Provided entries —
· · · · · · ·
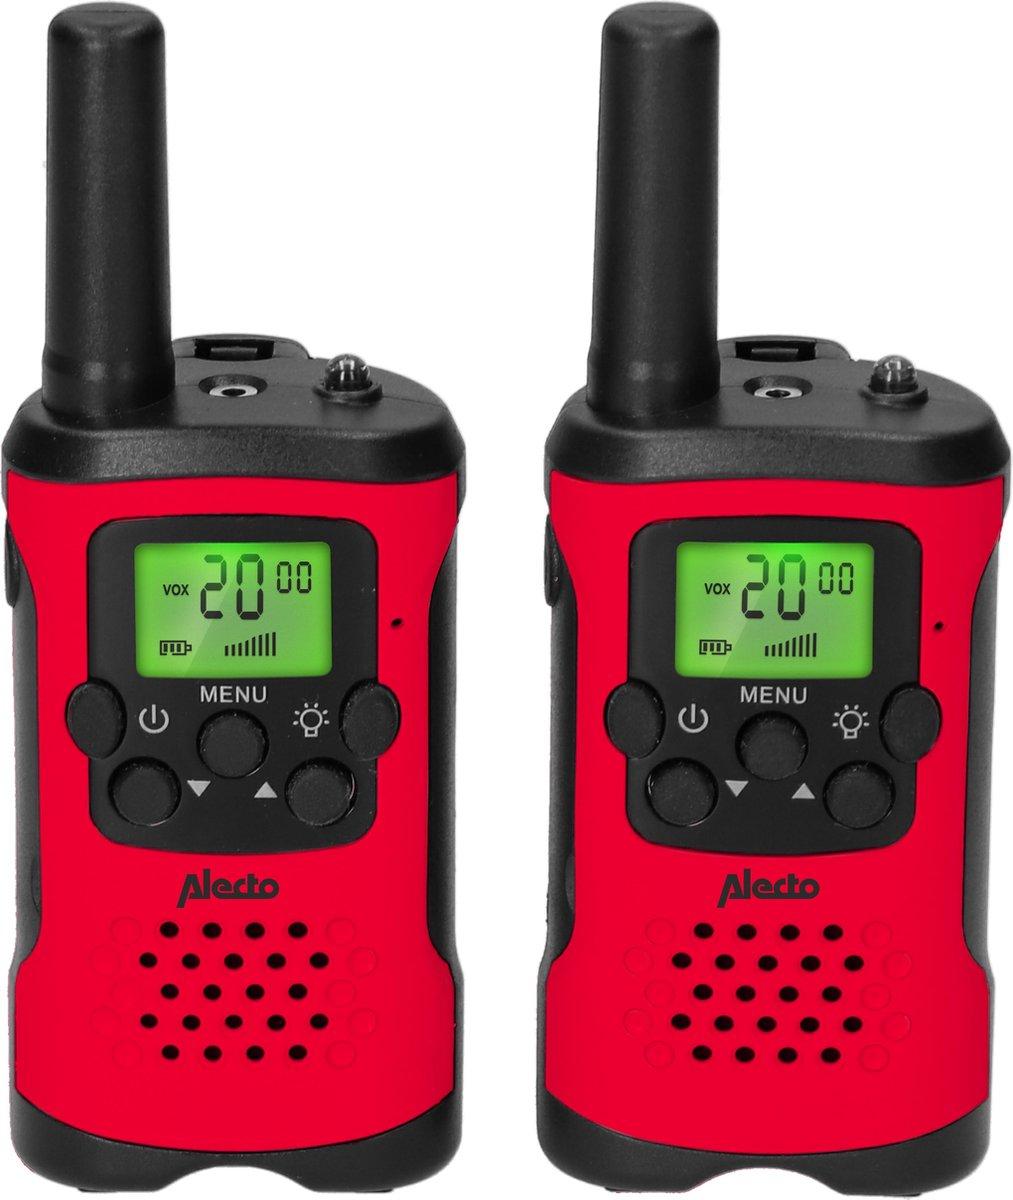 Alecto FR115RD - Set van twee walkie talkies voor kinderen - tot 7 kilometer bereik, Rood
· · · · · · ·
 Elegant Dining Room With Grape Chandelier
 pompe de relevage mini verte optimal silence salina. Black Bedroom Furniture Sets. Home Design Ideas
· · · · · · ·
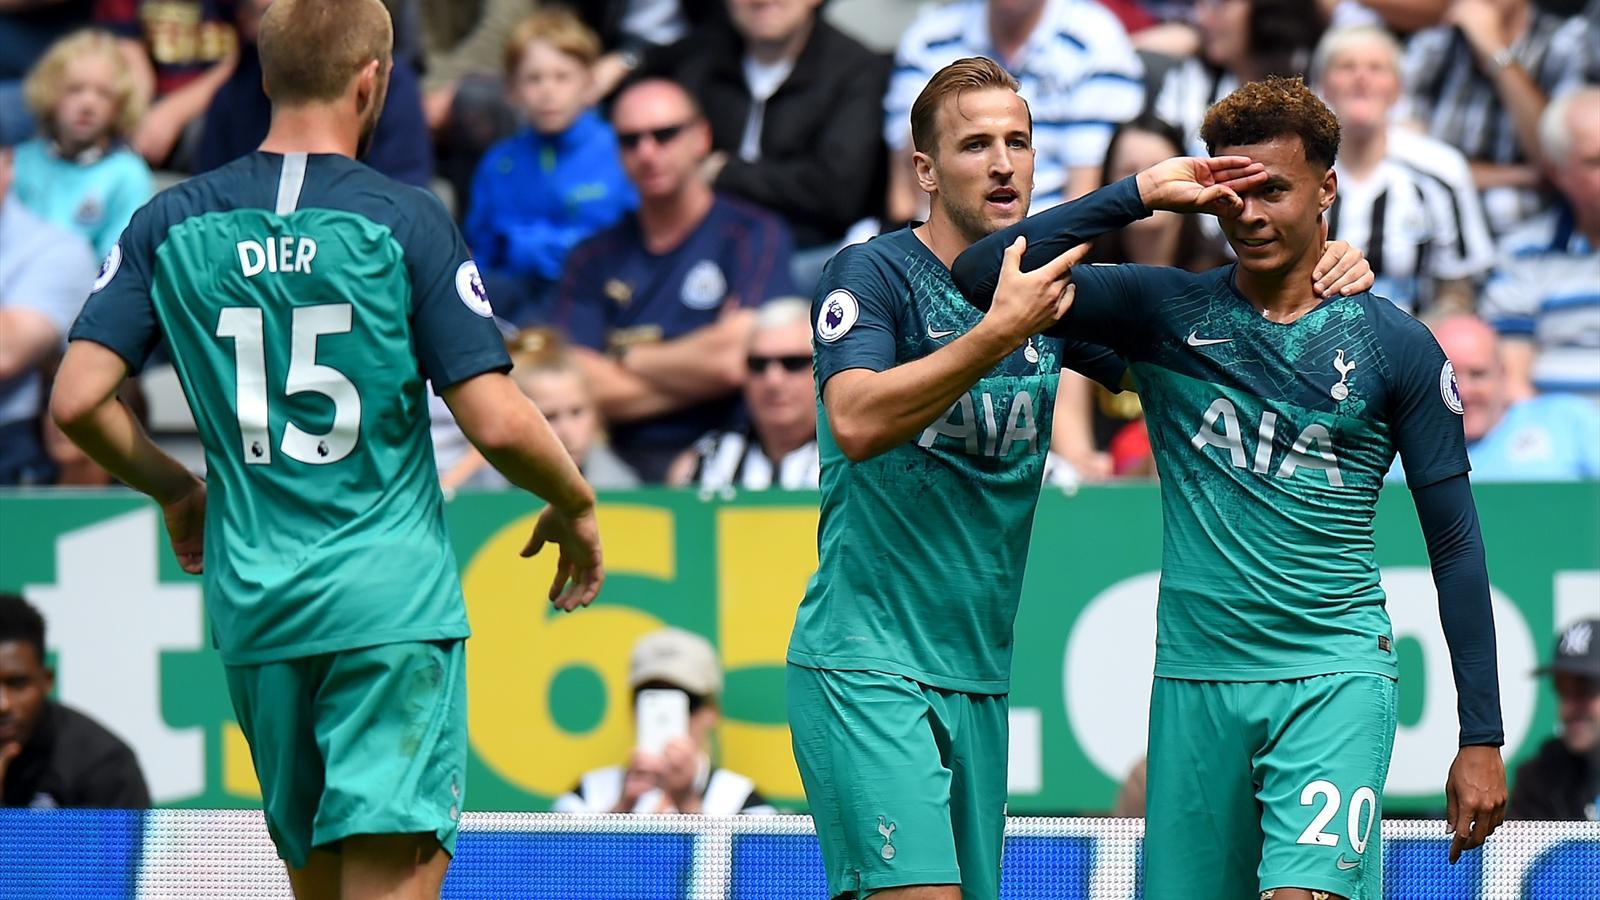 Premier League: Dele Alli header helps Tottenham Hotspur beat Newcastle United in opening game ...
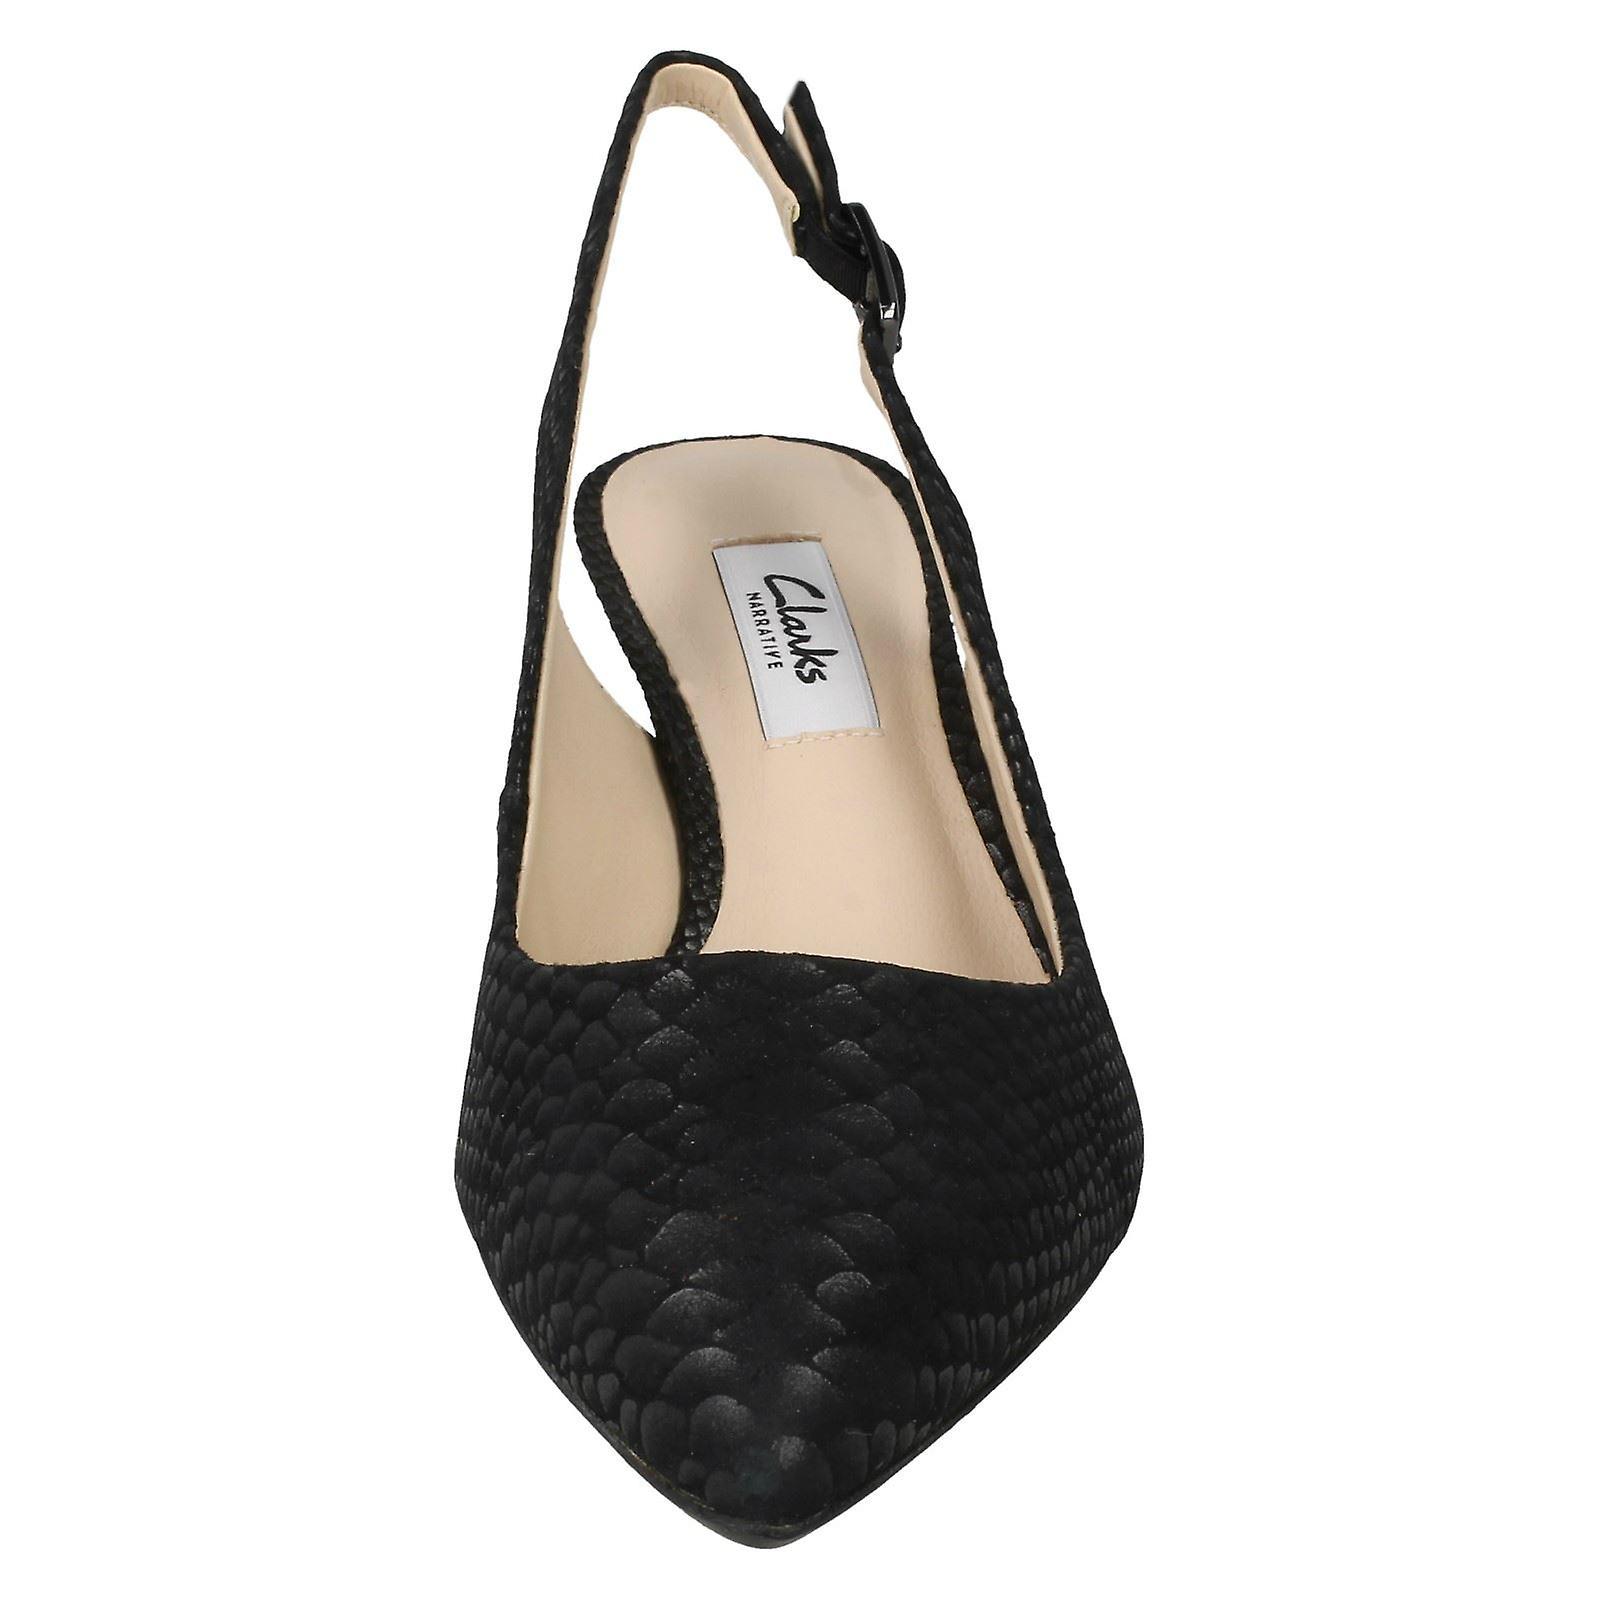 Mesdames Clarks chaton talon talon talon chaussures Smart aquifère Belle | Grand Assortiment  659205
· · · · · · ·
Problem to work on — From the material above, output only the span of lines that starts at the one containing "Premier League: Dele" and finishes at the one containing "Mesdames Clarks chaton", word for word and free of pictures.

Answer to this problem —
 Premier League: Dele Alli header helps Tottenham Hotspur beat Newcastle United in opening game ...
 Mesdames Clarks chaton talon talon talon chaussures Smart aquifère Belle | Grand Assortiment  659205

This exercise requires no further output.